Summer Intern Series Featuring Josh Arnold – Emory Healthcare
I am a bit over halfway through my internship at this point and it has been a fantastic experience. My project is to complete a major overhaul of the department’s medical residency website to enhance content, look and feel, user-friendliness, and modernity to continue attracting top talent. My supervisor, director, and other immediate coworkers made me feel right at home from the first day. They all treat me as an equal while viewing me as an individual with a different, yet valuable, skill set that can offer a fresh perspective and make a significant contribution to the project. They were eager to hear my thoughts for the website from our very first meeting and gave me sole ownership of the project. I have taken an I-will-make-it-happen attitude, especially on things with which I do not have experience, and my bosses have responded very well to this approach. We meet regular so I can provide updates and recommendations for the website, and they supply me with any new information that could be useful supplements to the project. In addition to my primary responsibilities, I helped complete a side project within the first few weeks that incorporates QR codes/readers to augment compliance and reduce turnaround time for mandatory ACGME performance evaluations.
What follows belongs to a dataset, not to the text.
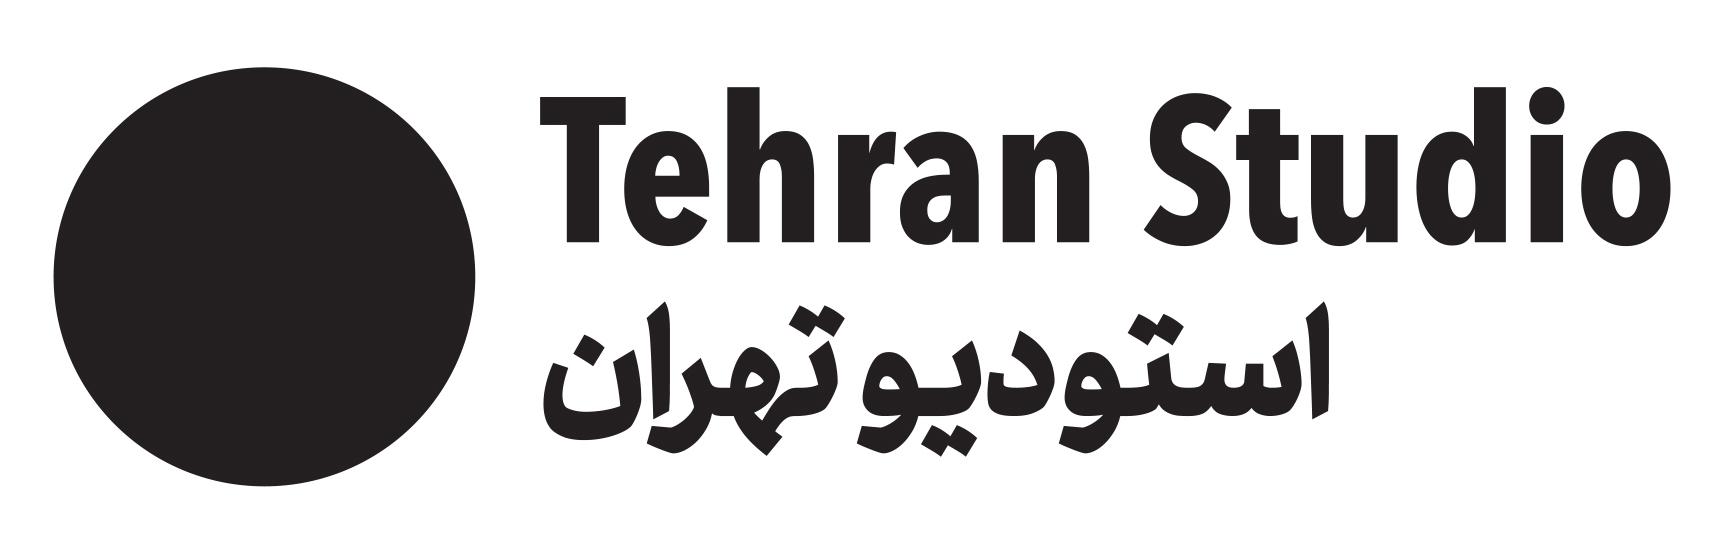 Tehran Studio | تهران استودیو
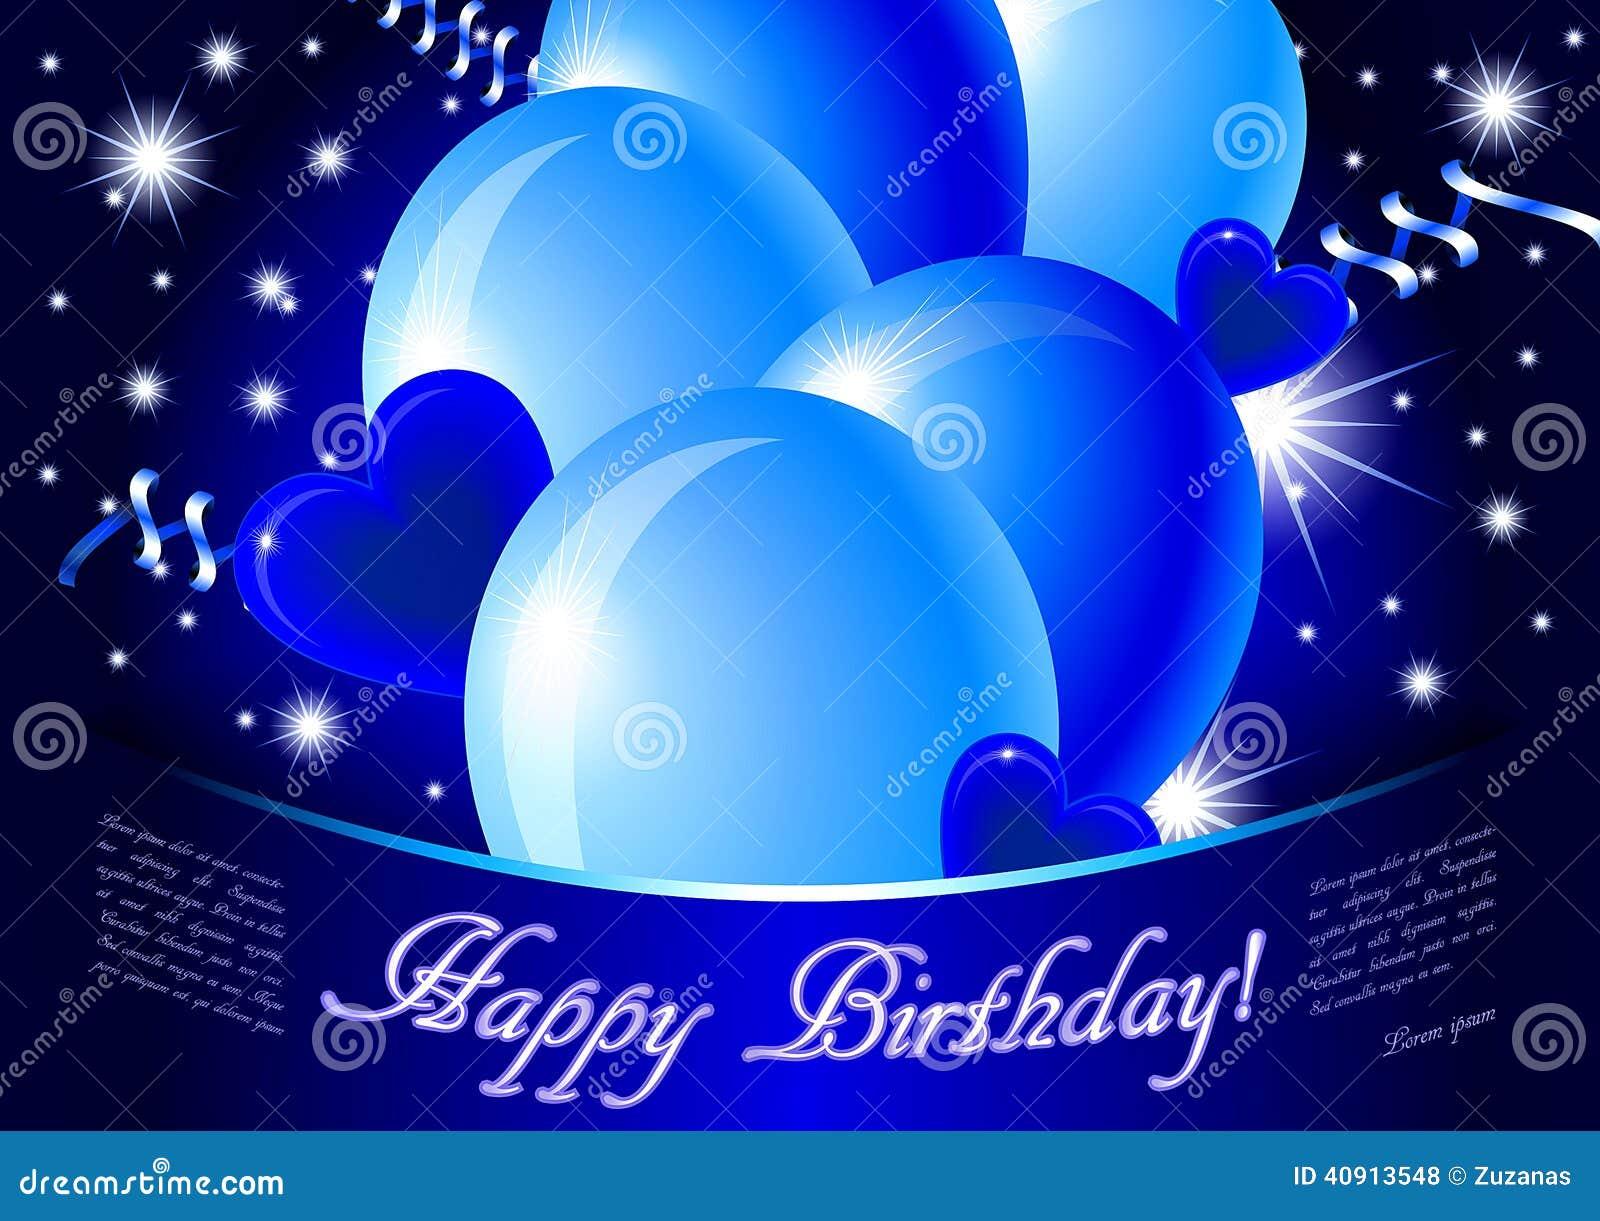 Blue Happy Birthday Card Stock Illustration Image 40913548

One bonus to the internship is regular contact with C-suite hospital administrators to network, and learn more about the organization and their individual roles. We also have a substantial intern contingent of about 30 people from all over the country, which makes for some great professional and social connections.
There is a lot of work left to do in these final few weeks, but I am looking forward to chiseling away at the project and implementing this masterpiece of a website!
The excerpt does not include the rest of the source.